INPUT DATA:
============================================================

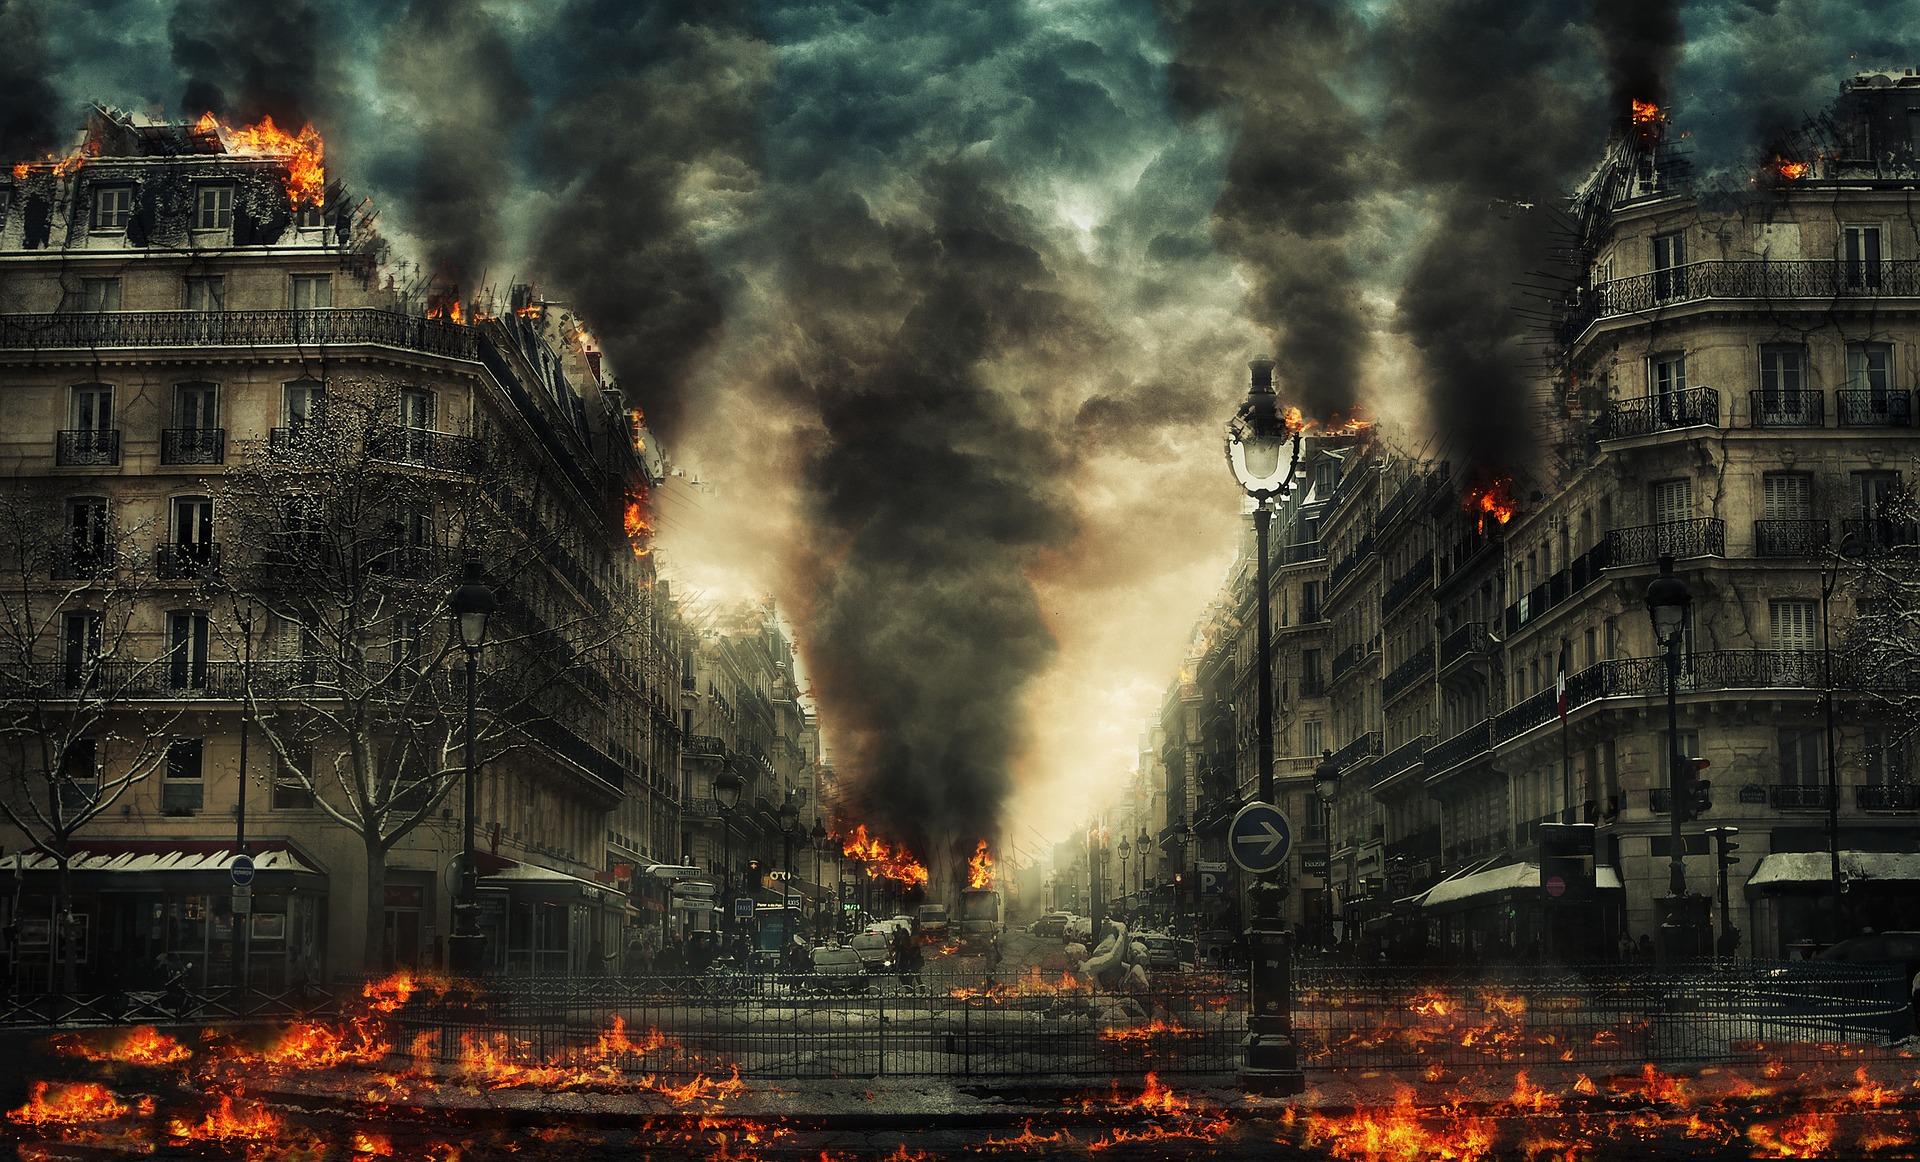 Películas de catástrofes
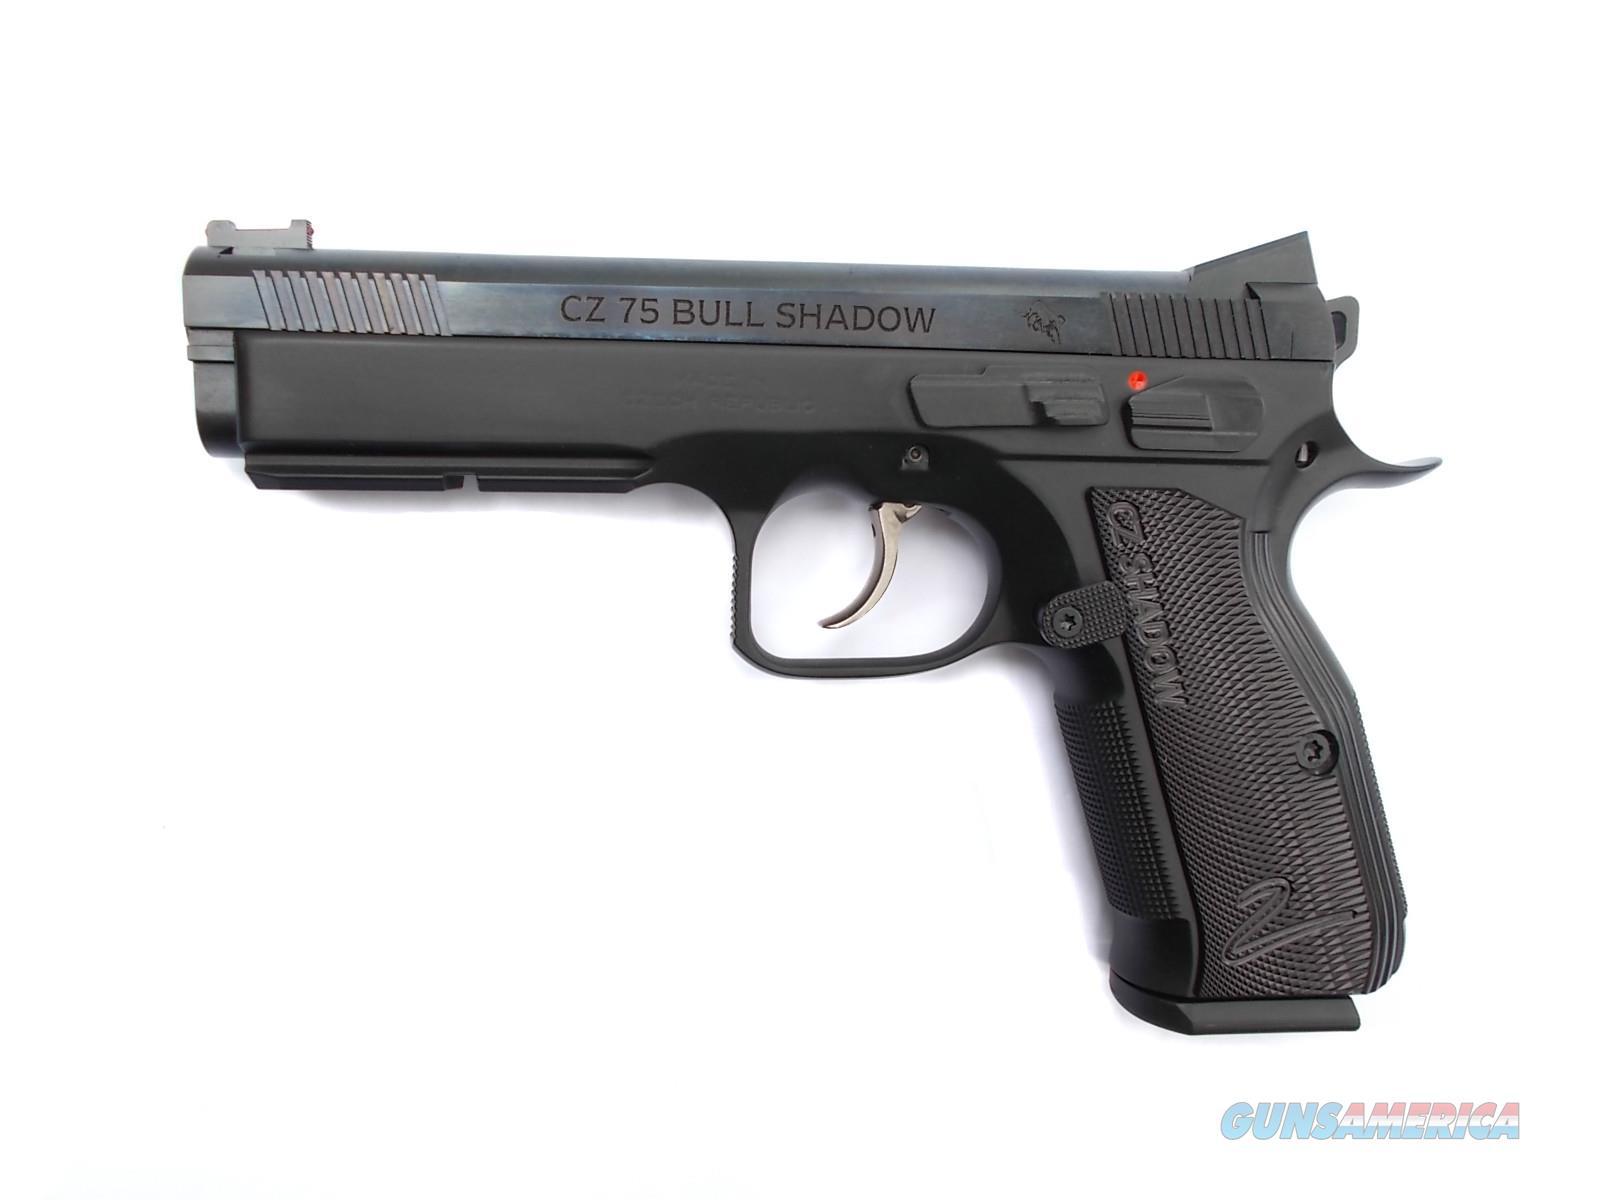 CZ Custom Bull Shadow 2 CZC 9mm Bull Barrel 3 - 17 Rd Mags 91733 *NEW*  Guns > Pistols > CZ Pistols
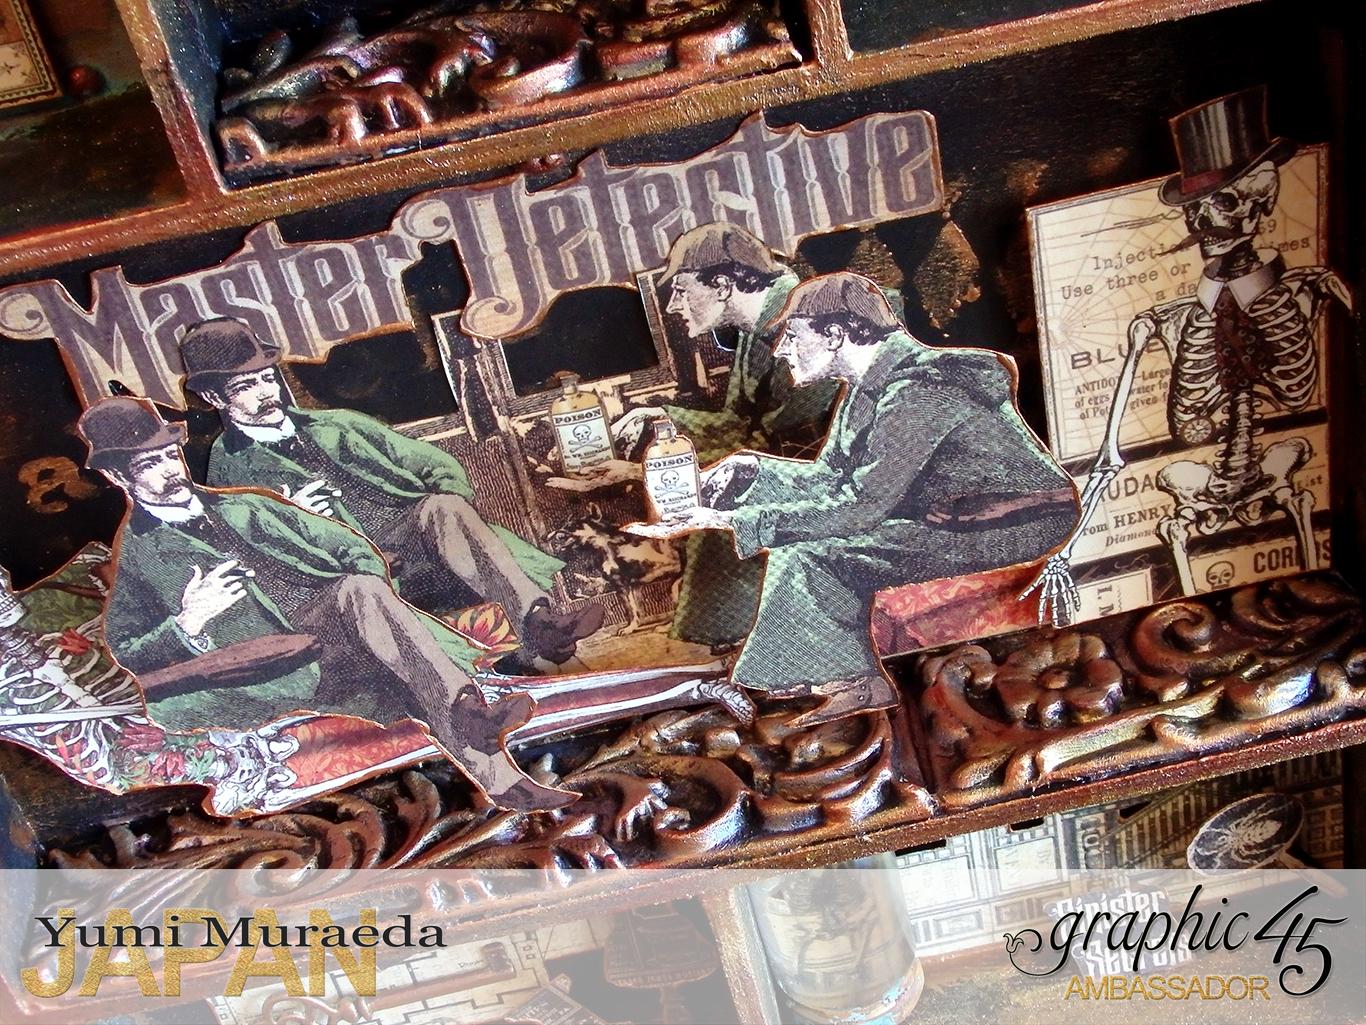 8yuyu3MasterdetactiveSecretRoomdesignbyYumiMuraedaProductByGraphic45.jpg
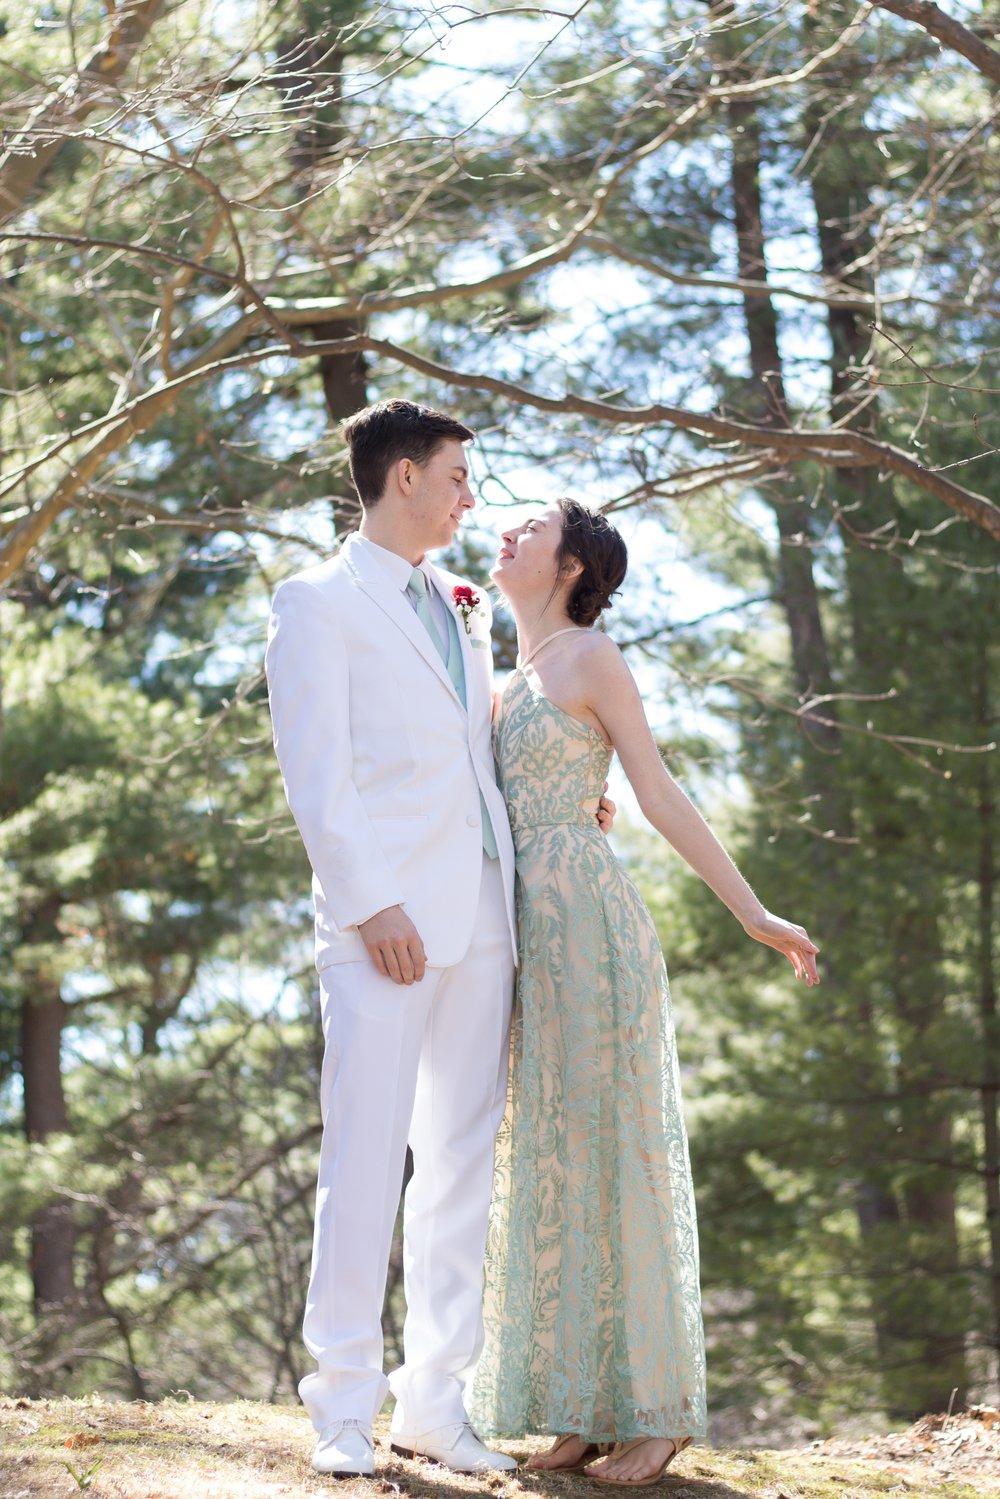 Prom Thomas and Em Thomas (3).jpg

============================================================

WORK ORDER:
Your task is an exact transcription of all the data, minus the pictures.

RESULT BELOW:
 Películas de catástrofes
 CZ Custom Bull Shadow 2 CZC 9mm Bull Barrel 3 - 17 Rd Mags 91733 *NEW*  Guns > Pistols > CZ Pistols
 8yuyu3MasterdetactiveSecretRoomdesignbyYumiMuraedaProductByGraphic45.jpg
 Prom Thomas and Em Thomas (3).jpg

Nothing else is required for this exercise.